^

Health

Osteoarthritis: What should the patient know?

, medical expert
Last reviewed: 22.11.2021
Fact-checked
х

All iLive content is medically reviewed or fact checked to ensure as much factual accuracy as possible.

We have strict sourcing guidelines and only link to reputable media sites, academic research institutions and, whenever possible, medically peer reviewed studies. Note that the numbers in parentheses ([1], [2], etc.) are clickable links to these studies.

If you feel that any of our content is inaccurate, out-of-date, or otherwise questionable, please select it and press Ctrl + Enter.

Human joints are wonderful anatomical formations. What man-made machine can exist and work for dozens and dozens of years? To better appreciate the work of such a wonderful device, as joints, consider the following facts. If the body weight of a person is 50 kg, with each step on his knee joint, the load is more than 150 kg.

Most people make an average of more than 8,000 steps a day, which means that the knee joint should absorb over 600,000 kg. If the body weight of a person, which during the day makes the specified number of steps, is 75 kg, his knee joint absorbs the load of more than 900,000 kg. Now you can imagine what kind of load amortizes the knee joint of an athlete or a person engaged in heavy physical labor. Not surprisingly, despite the strength, the knee joint is vulnerable, prone to injury and disease.

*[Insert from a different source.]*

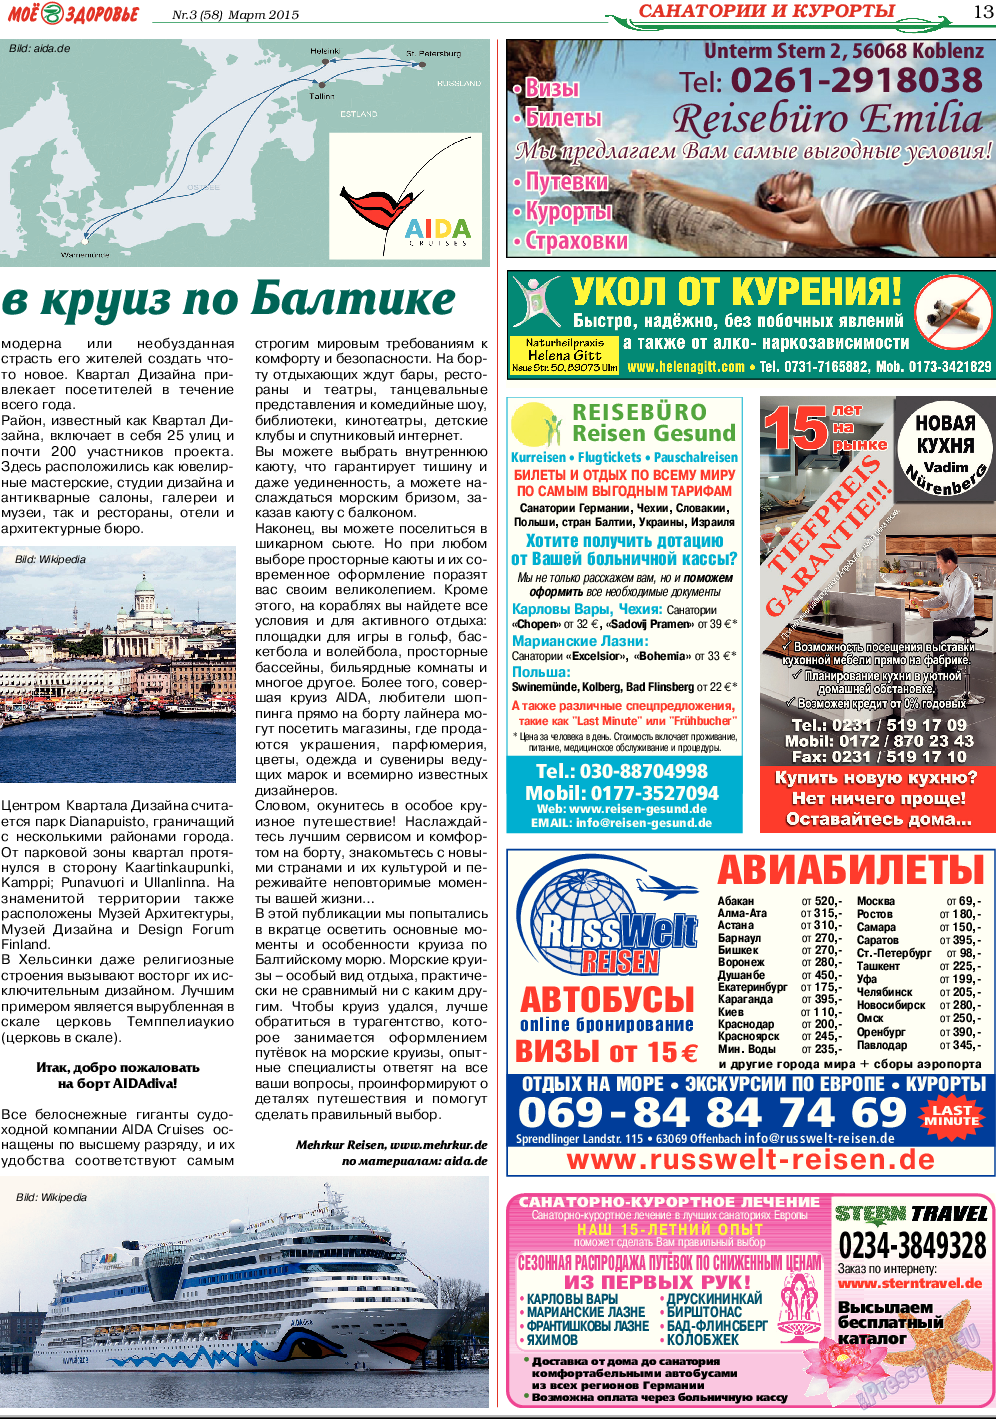 Кругозор (газета). 2015 год, номер 3, стр. 13

Osteoarthritis is one of the most common diseases of the joints, in which the cartilage covering the contiguous bone structures inside the joint is affected. The exact cause of its development is unknown. Two most likely reasons are hereditary predisposition (inherited defect in the structure of the articular cartilage) and excessive microtraumatism of the joint tissues (for example, with excessive body mass of the streets of some professions, etc.). As a result, the cartilage wears out, thins, and in the underlying bone, osteophytes are formed - the so-called spines. The joints carrying the largest static (knee, hip and spinal joints) or dynamic (some joints of the wrist) load are most often affected.

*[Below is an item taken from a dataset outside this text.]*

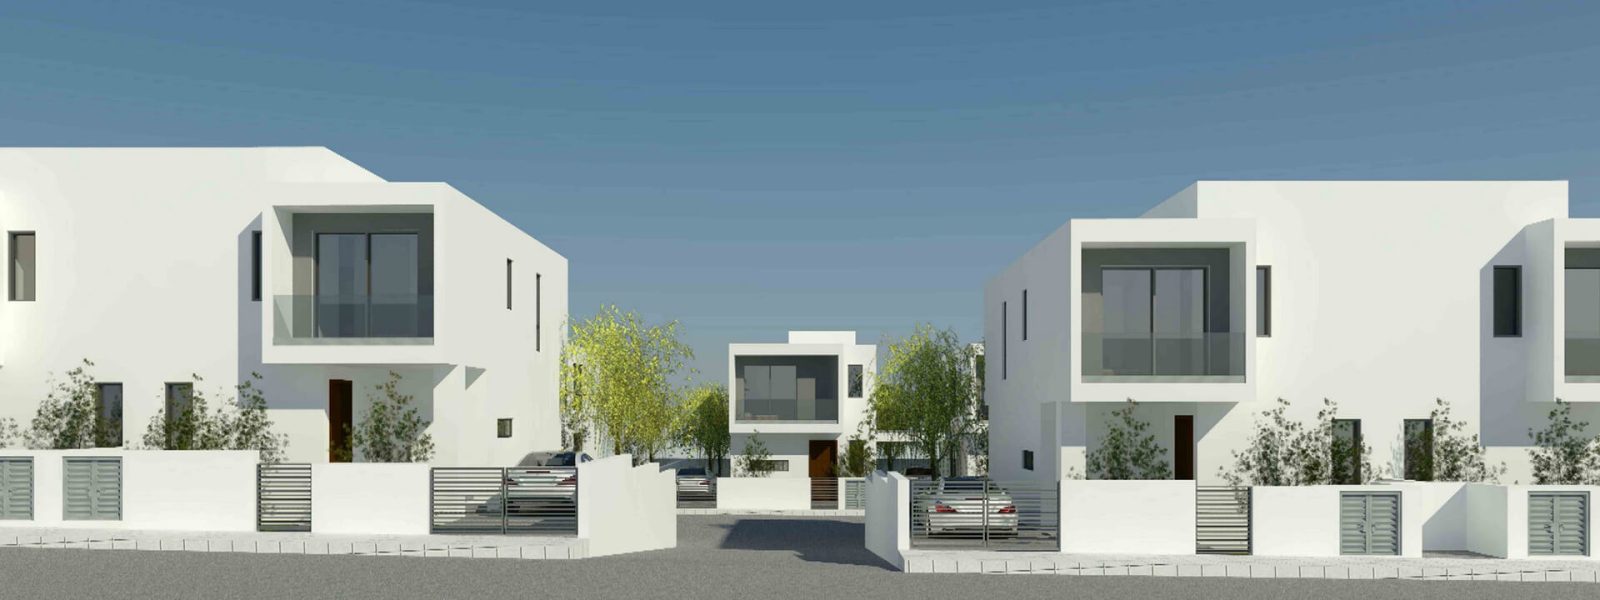 Bluebell residence kotedžas pietų Kipre

The most characteristic symptoms of osteoarthritis are pain in the joint with prolonged standing, walking, running, which passes at rest. For osteoarthritis of the knee joints, pain occurs when climbing the stairs. In patients with osteoarthrosis of the joints of the hands, the fingers acquire a characteristic "knotty". Today, this disease is not completely cured, but with regular treatment and observance of certain rules of life can slow down and even stop the progression of the disease.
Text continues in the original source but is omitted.